E.

14th January 1836.

Very dear Sir and Friend,

... The object or system of the secret school, in explaining the mysteries, is to show that those whom we take for beings existing outside of ourselves, and who are represented to us as such by the Christian doctrine, are none other than our internal ideas or affections; that is to say, that those supernatural personages who are exhibited to men as divine are the human faculties themselves, personified by ancient secret art; and that these figurative personages merge the one into the other, and interpenetrate and unify in one sole being—namely, in Man. The ultimate revelation.

This is equally the system of Dante, both in the Divine Comedy and in the Vita Nuova—which latter gives the keys of the former....

Origen and Tertullian, as well as Synesius, Bishop of Cyrene, give in the sect-language the keys to the whole New Testament, and partly to the Old:... the selfsame explanation which is given in the mysteries of the present still-subsisting sect.
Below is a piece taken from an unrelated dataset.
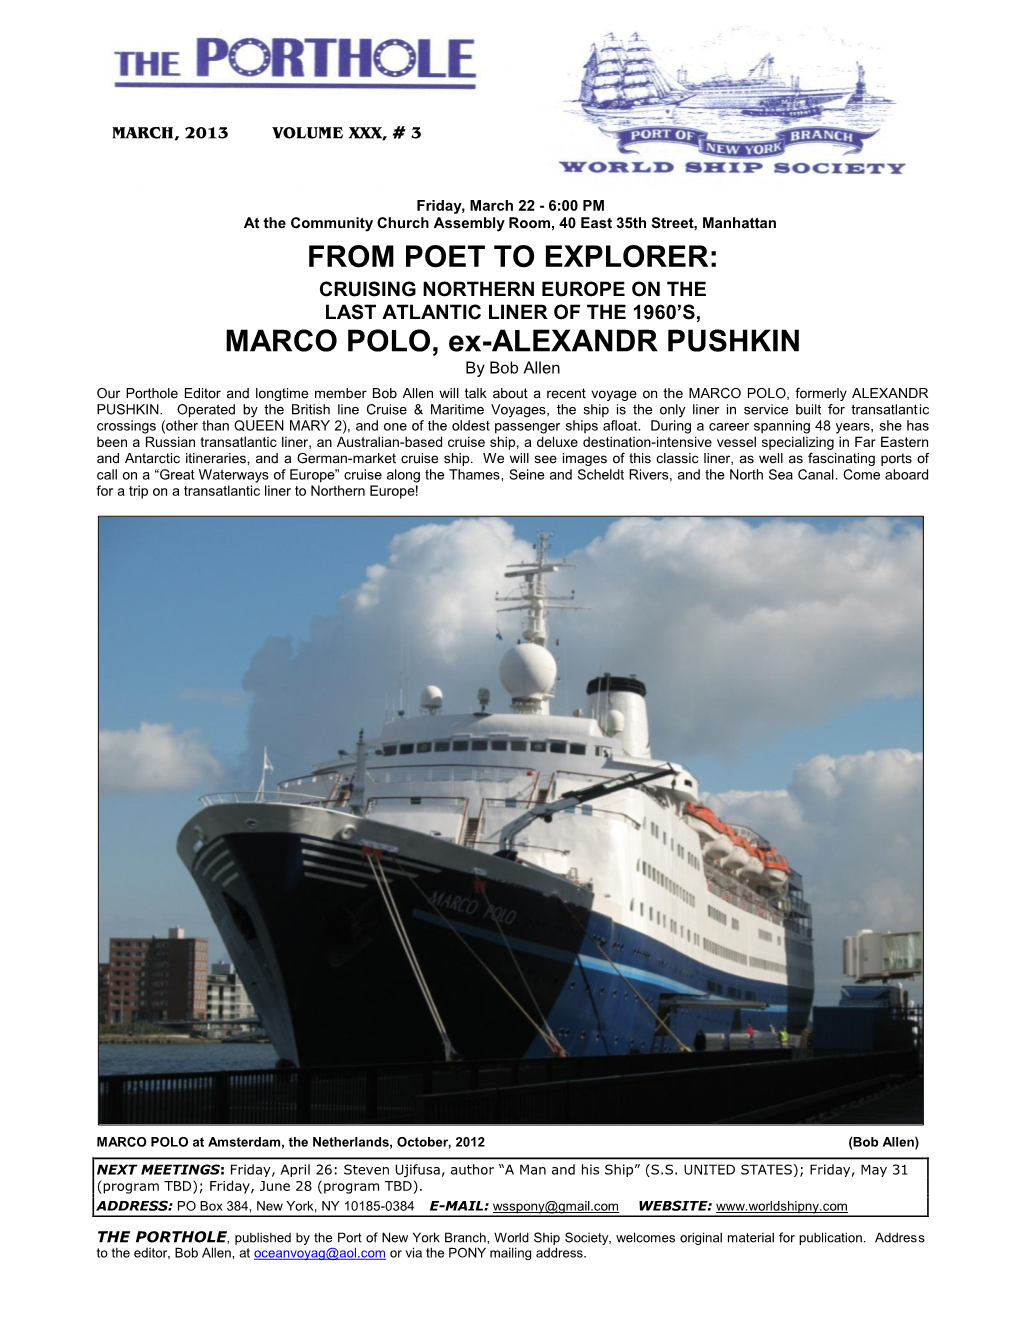 FROM POET to EXPLORER: MARCO POLO, Ex-ALEXANDR PUSHKIN

From the writings of the latter I gather that the secret school of the Christian priesthood is continued by Masonry; that one of the heads of the school in Constantine’s time, Sylvester, came to an understanding with that despot to suppress the secret explanation, and to retain merely the formula of the external figures, which understanding produced the papacy or priesthood of Rome; but that other chiefs of the same school, indignant at his having sold the interests of mankind to the secular power, severed themselves from him and persisted in the secret teaching,—which went on to the late ages (and here we arrive at Dante), and so continued up to our own times.